### [DATASET EXCERPT]
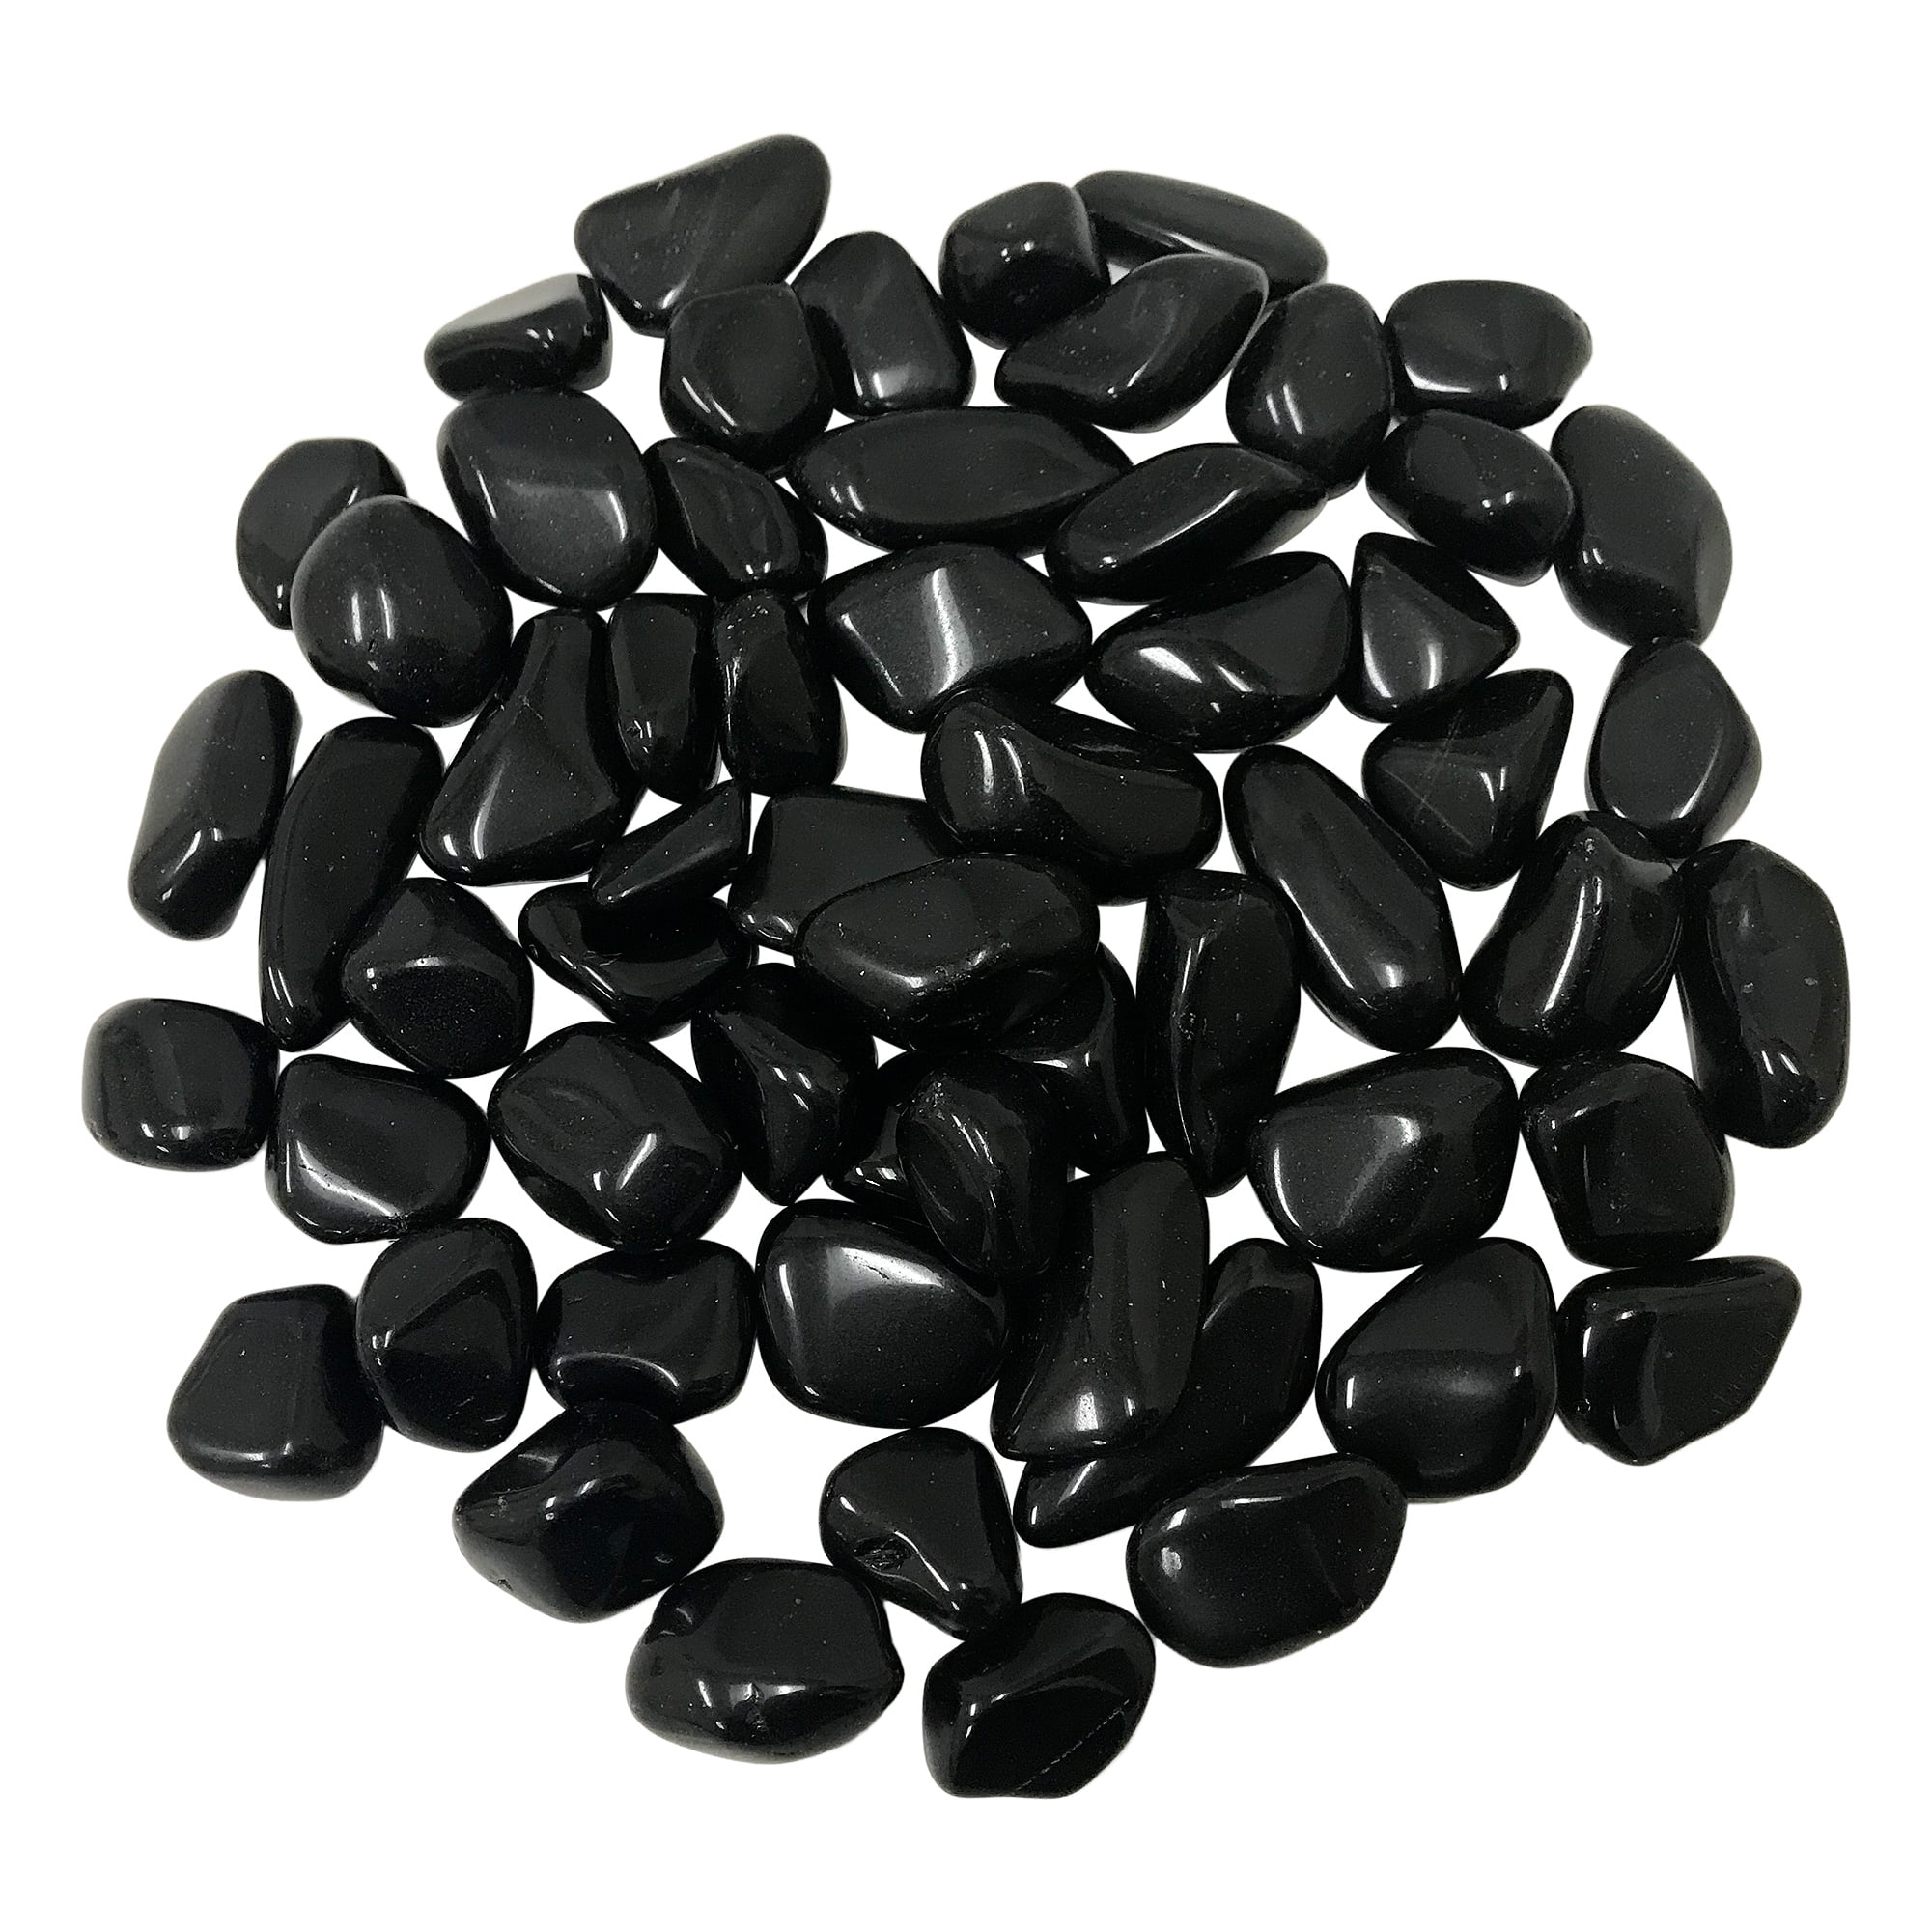 Crystal Healing Gemstone Reiki Tumble 2 oz Snowflake Obsidian Tumbled Stone 
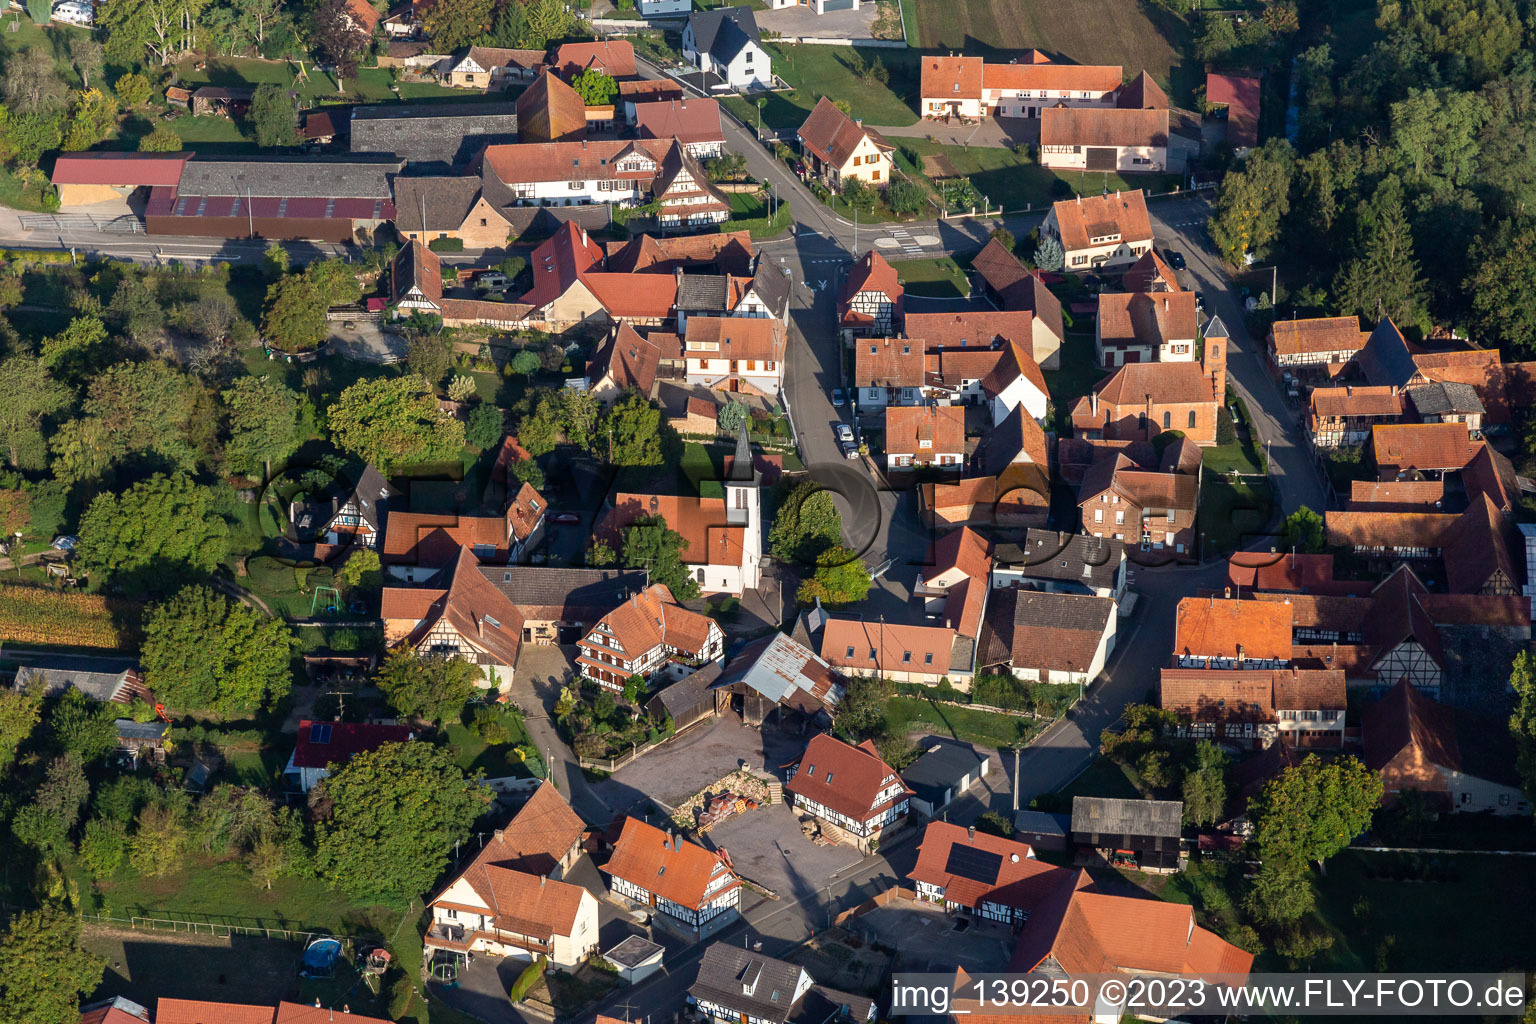 Ingolsheim im Bundesland Bas-Rhin, Frankreich aus der Luft betrachtet
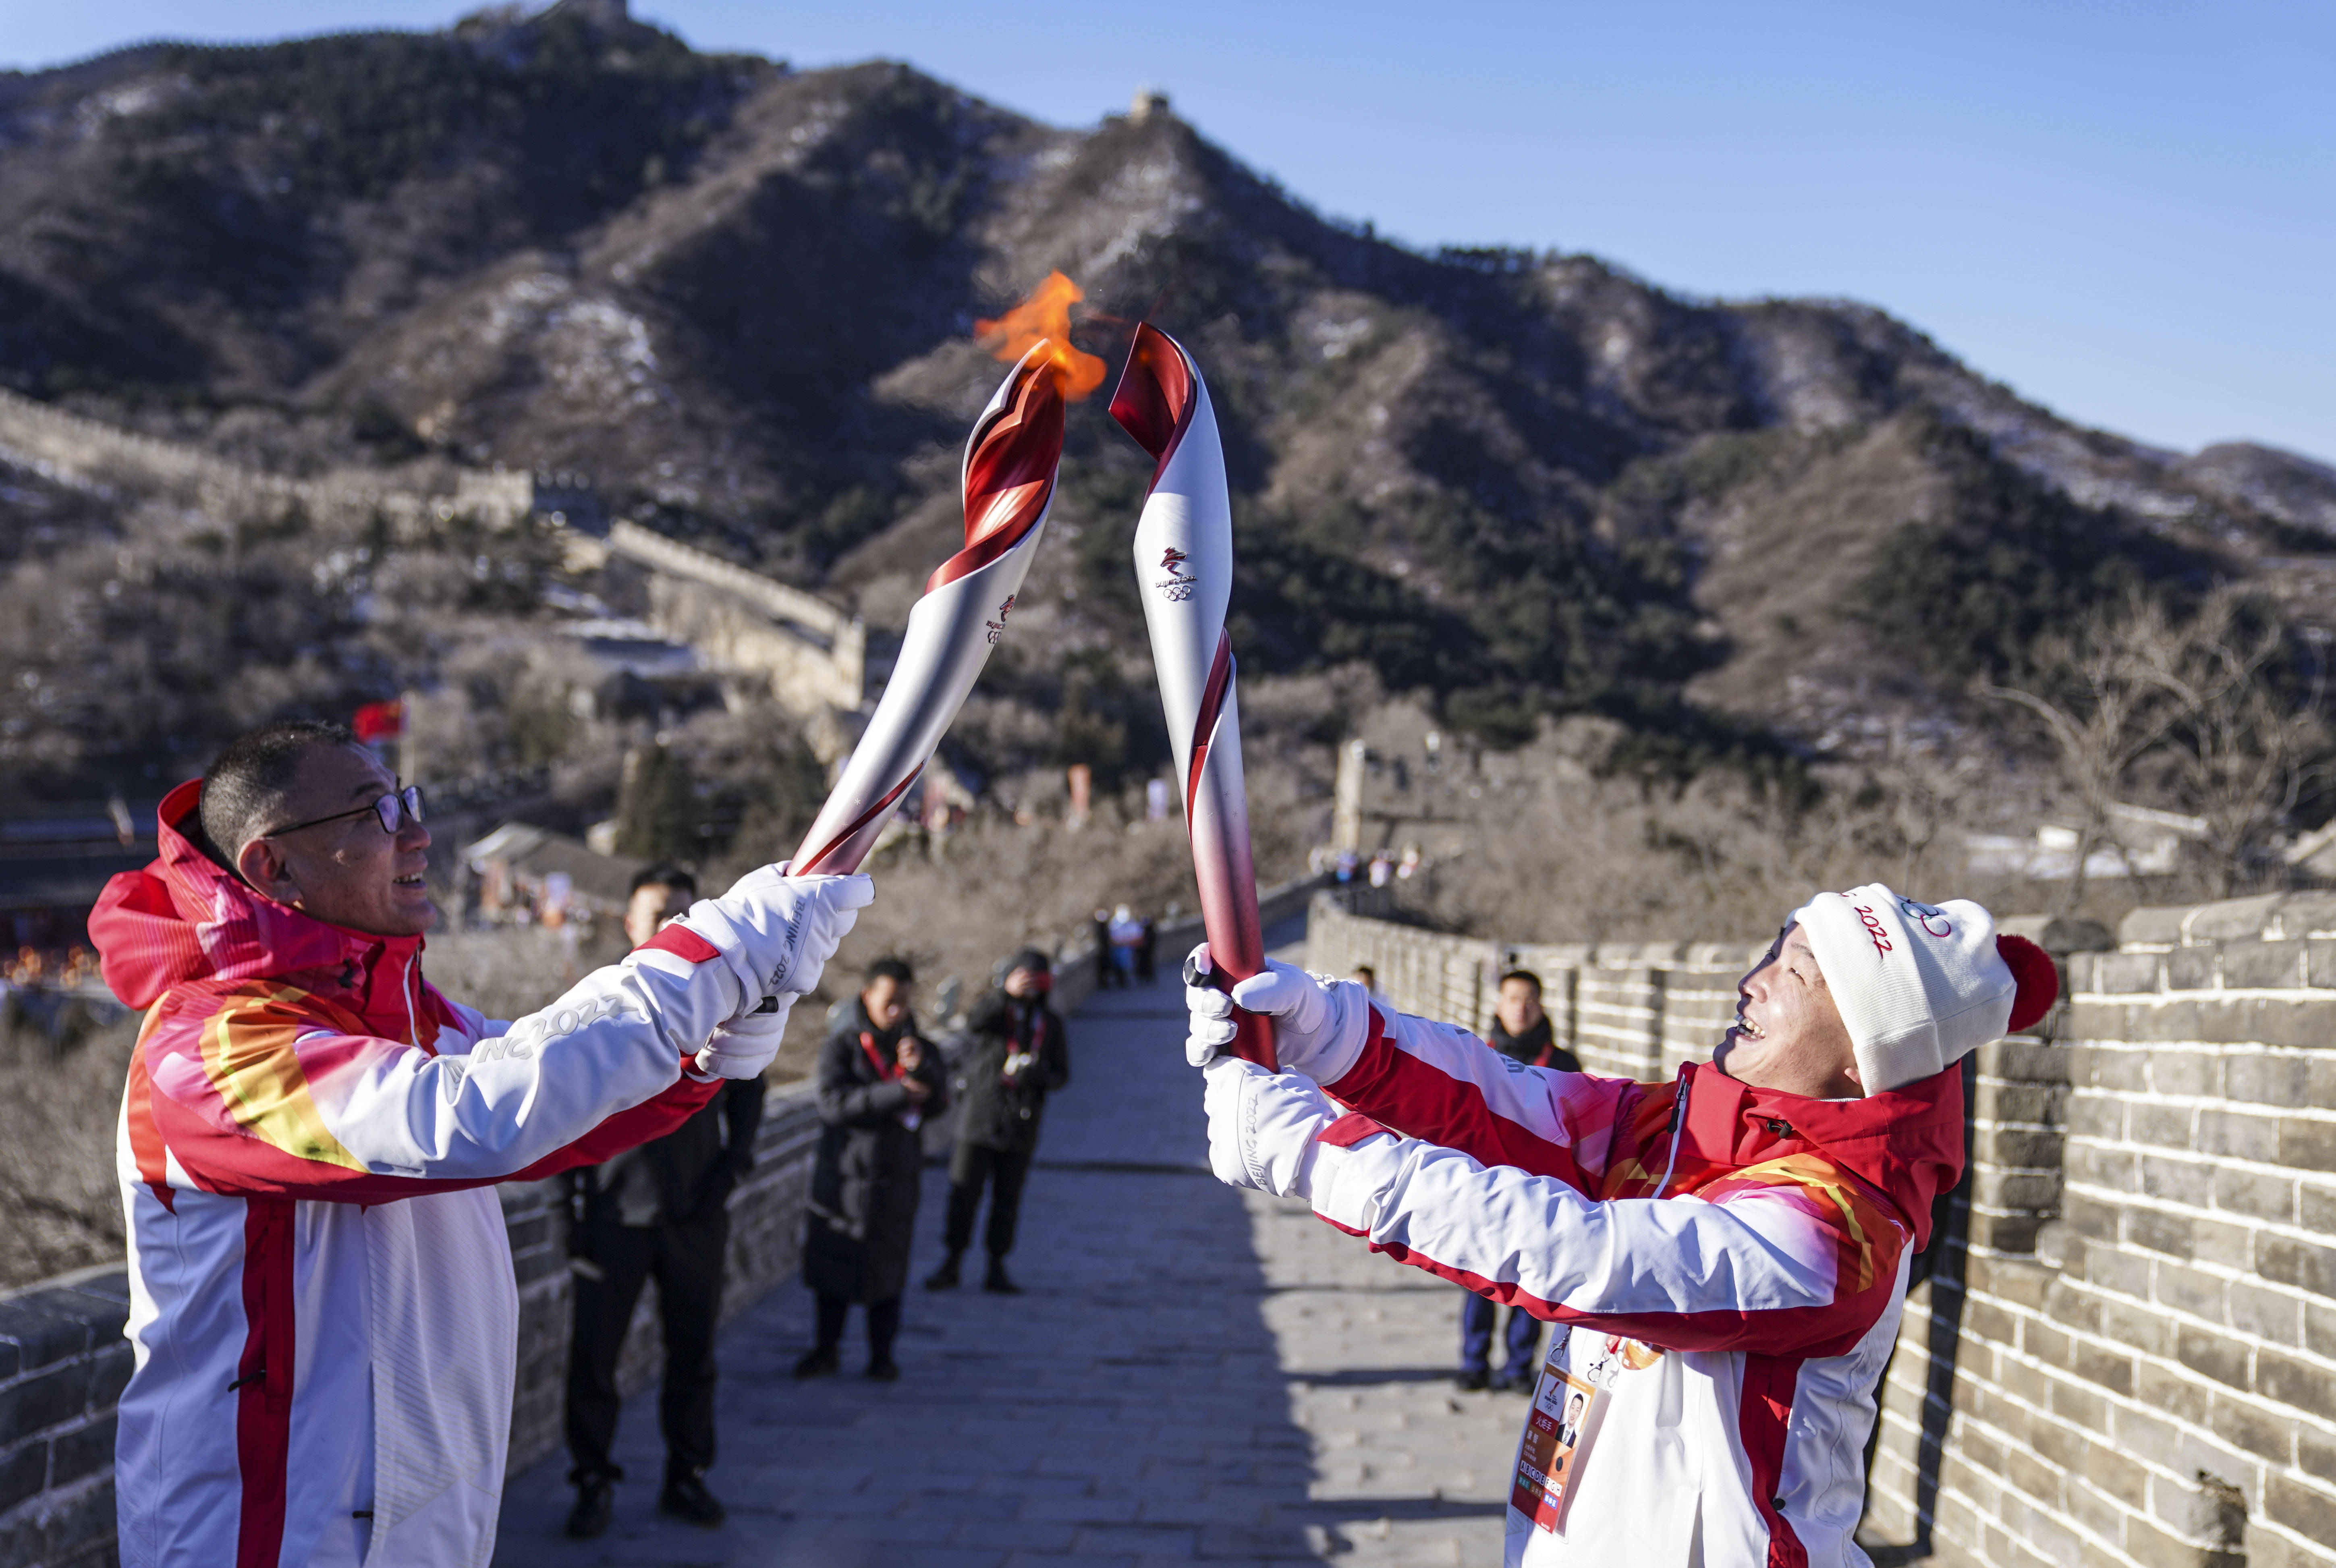 北京冬奥会的火炬图片图片

### [EXERCISE OBJECTIVE]
Your task is to reproduce exactly the lines from the one that holds "Ingolsheim im Bundesland" to the last line of the listing, and only those, omitting the pictures.

### [ANSWER SECTION]
 Ingolsheim im Bundesland Bas-Rhin, Frankreich aus der Luft betrachtet
 北京冬奥会的火炬图片图片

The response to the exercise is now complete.